DIRECTIONS FOR THIS TASK:
Nothing in the data should change when you return it, but leave the pictures out.

SUPPLIED DATA:
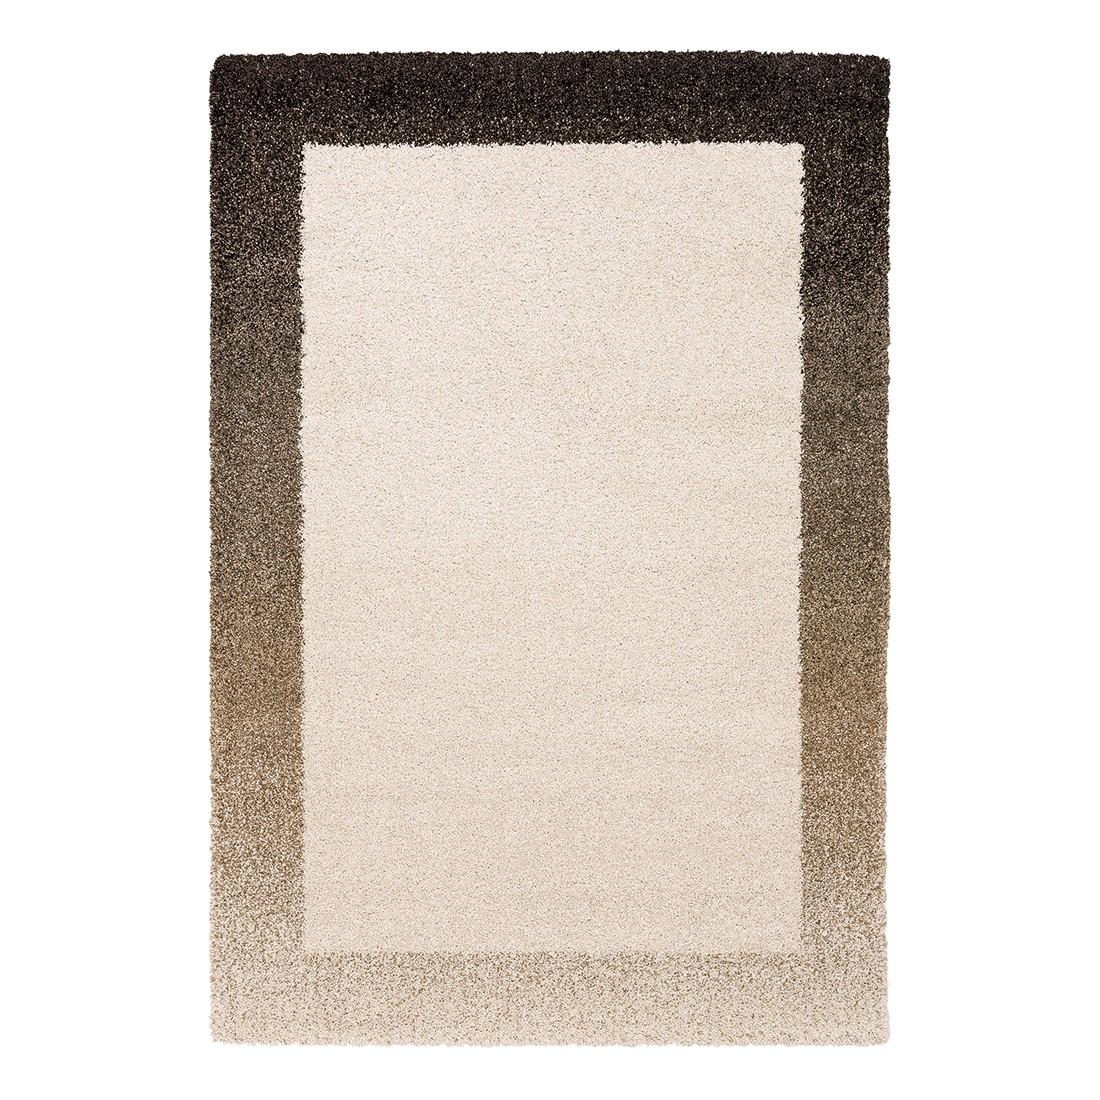 Hochflor-Teppich Maestro – Bordüre Creme – 133 x 190 cm, Schöner Wohnen Kollektion jetzt bestellen
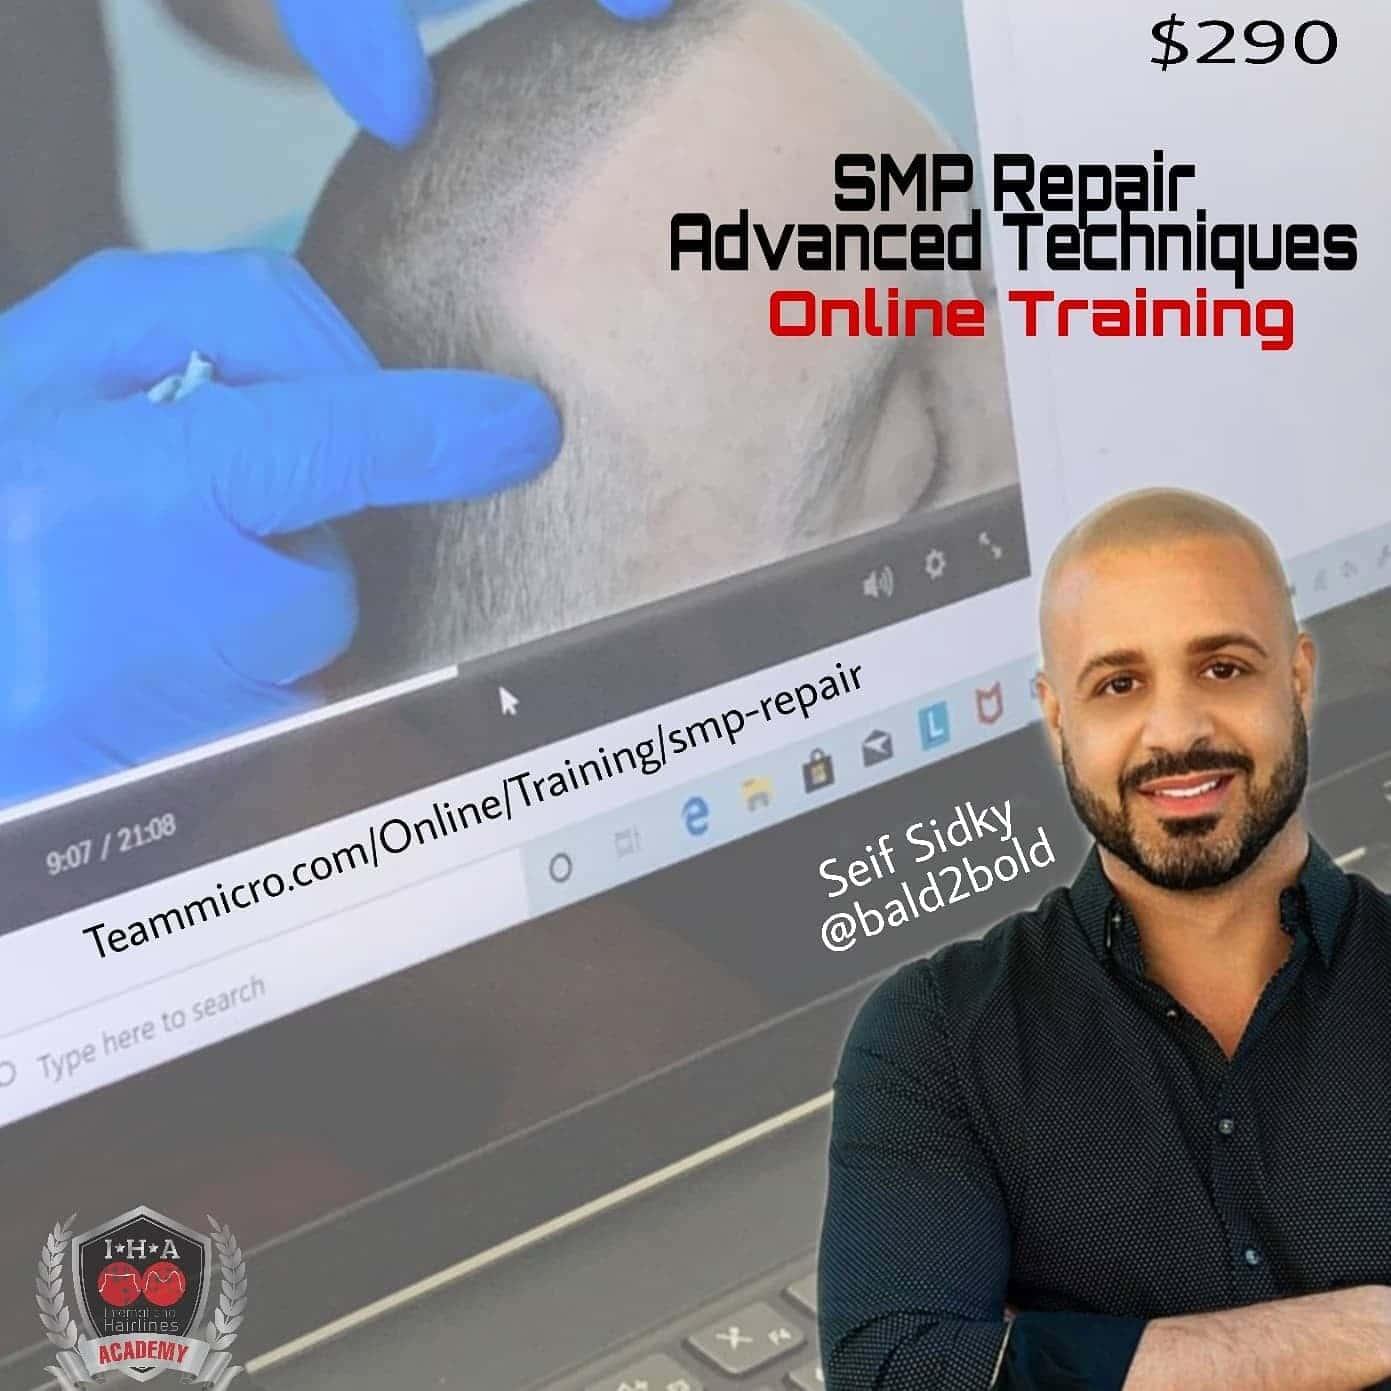 scalp micropigmentation repair training course
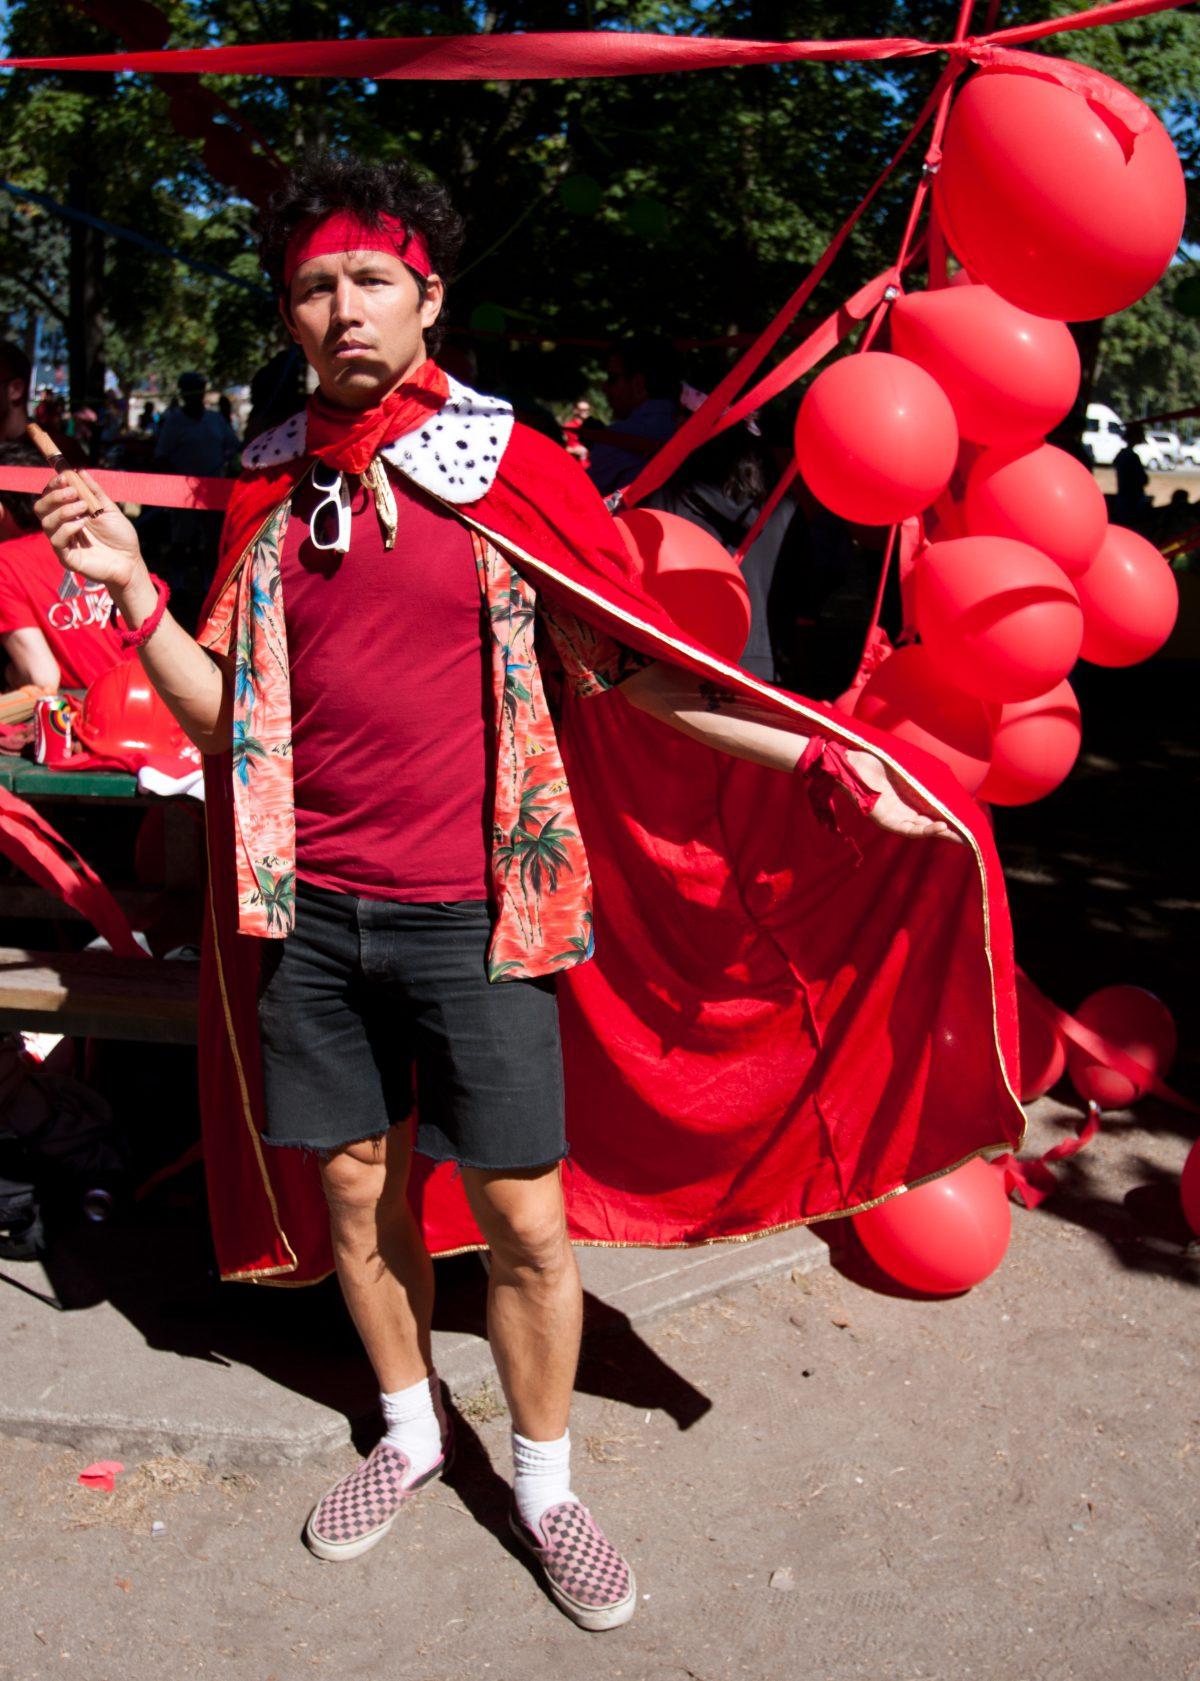 red, ballon

REPLY TO THE TASK:
 Hochflor-Teppich Maestro – Bordüre Creme – 133 x 190 cm, Schöner Wohnen Kollektion jetzt bestellen
 scalp micropigmentation repair training course
 red, ballon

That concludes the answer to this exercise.